The third will match any metrics coming from our cloud environment. In this hypoethical example, our cloud metrics are already aggregated using an application like statsite, so instead of aggregating them again, we just write them directly to an M3DB namespace that retains data for two hours
. Note that while we’re not aggregating the data in M3 here, we still need to provide a resolution so that the ingester can match the storage policy to a known M3DB namespace, as well as so that when we fan out queries to multiple namespaces we know the resolution of the data contained in each namespace.
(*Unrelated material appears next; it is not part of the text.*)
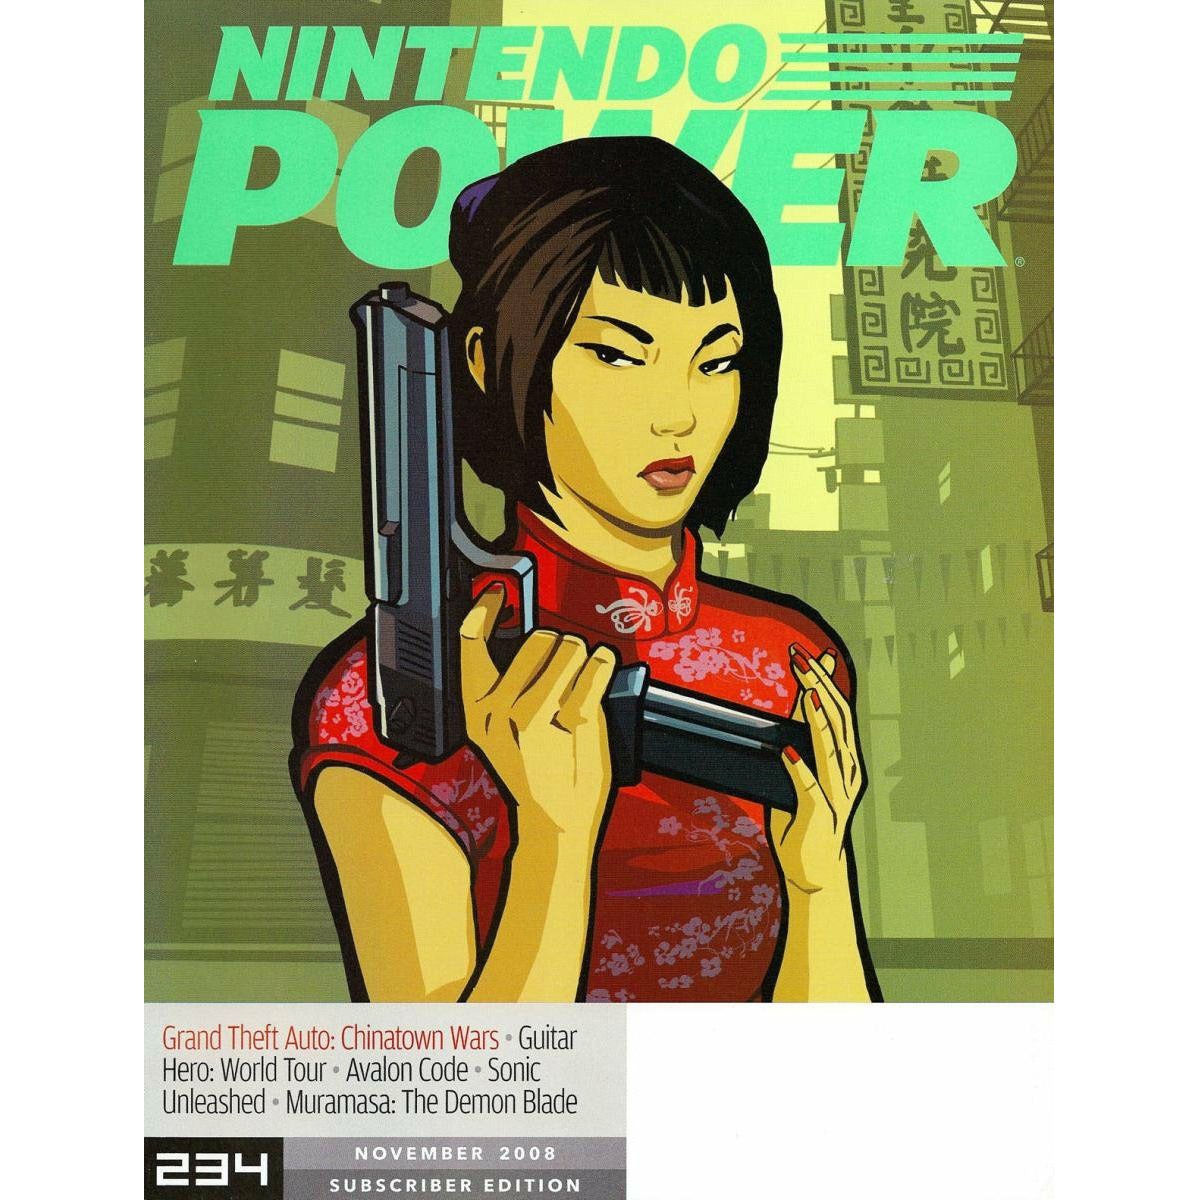 Nintendo Power Magazine (#234 Subscriber Edition) - Complete and/or Good Condition

Finally, our last rule uses a “catch-all” pattern to capture any metrics that don’t match any of our other rules and aggregate them using the mean
function into 1 minute
tiles which we store for 48 hours
.
Debug mode
If at any time you’re not sure which metrics are being matched by which patterns, or want more visibility into how the carbon ingestion rule are being evaluated, modify the config to enable debug mode:
carbon:
ingester:
debug: true
listenAddress: "0.0.0.0:7204"
This will make the carbon ingestion emit logs for every step that is taking. Note: If your coordinator is ingesting a lot of data, enabling this mode could bring the proccess to a halt due to the I/O overhead, so use this feature cautiously in production environments.
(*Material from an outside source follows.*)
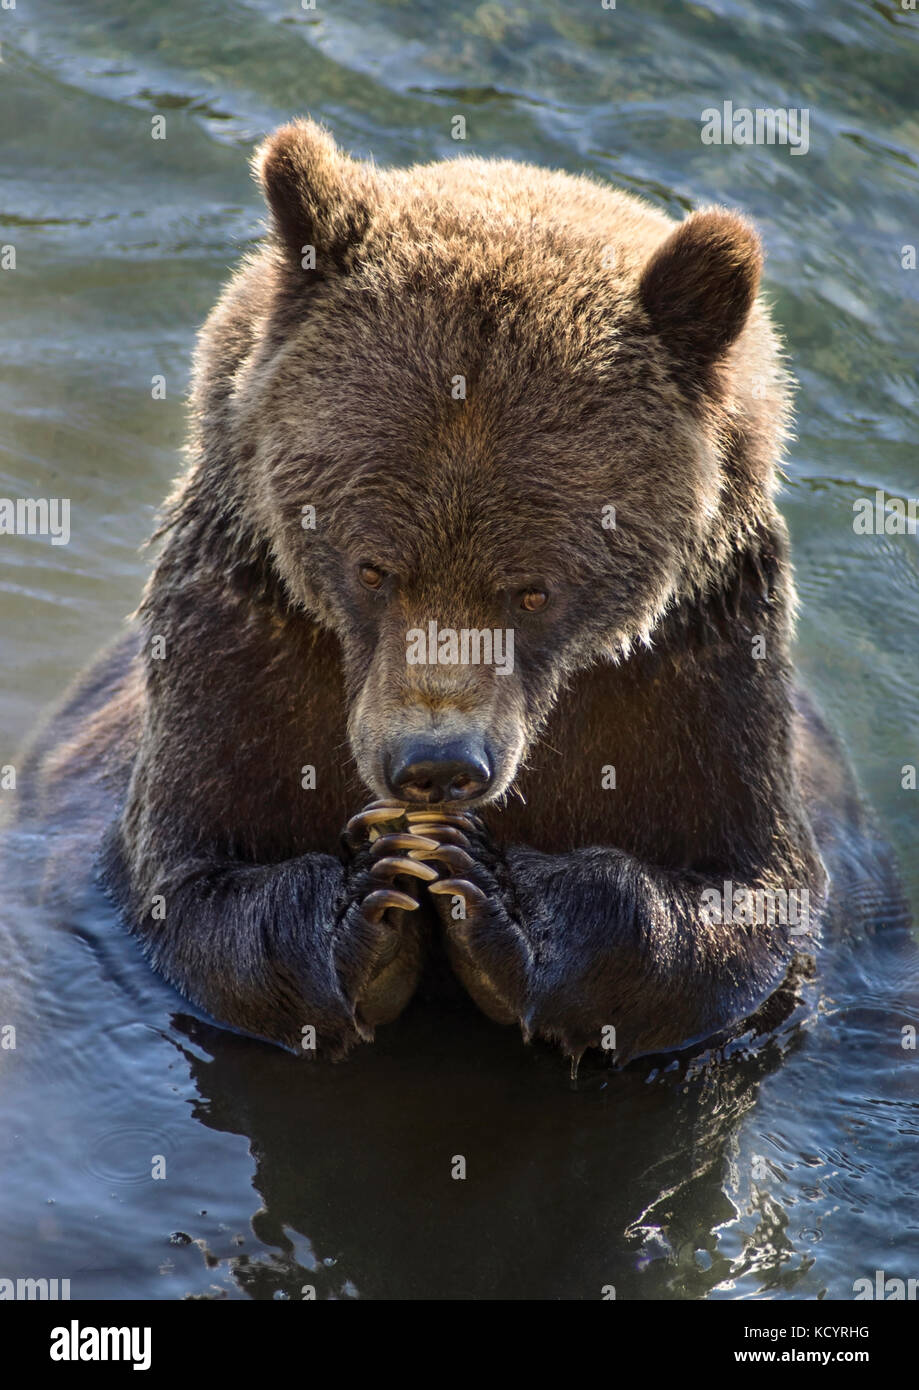 Grizzly Bear (Ursus arctos horribilis), Adult, Fall, Autumn, in water of salmon stream, comical paw position, Central British Columbia, Canada Stock Photo

Supported Aggregation Functions
- last
- min
- max
- mean
- median
- count
- sum
- sumsq
- stdev
- p10
- p20
- p30
- p40
- p50
- p60
- p70
- p80
- p90
- p95
- p99
- p999
- p9999
Querying
M3 supports the the majority of graphite query functions and can be used to query metrics that were ingested via the ingestion pathway described above.
Grafana
M3Coordinator
implements the Graphite source interface, so you can add it as a graphite
source in Grafana by following these instructions.
Note that you’ll need to set the URL to: http://<M3_COORDINATOR_HOST_NAME>:7201/api/v1/graphite
Direct
You can query for metrics directly by issuing HTTP GET requests directly against the M3Coordinator
/api/v1/graphite/render
endpoint which runs on port 7201
by default. For example:
(export now=$(date +%s) && curl "localhost:7201/api/v1/graphite/render?target=transformNull(foo.*.baz)&from=$(($now-300))" | jq .)
will query for all metrics matching the foo.*.baz
pattern, applying the transformNull
function, and returning all datapoints for the last 5 minutes.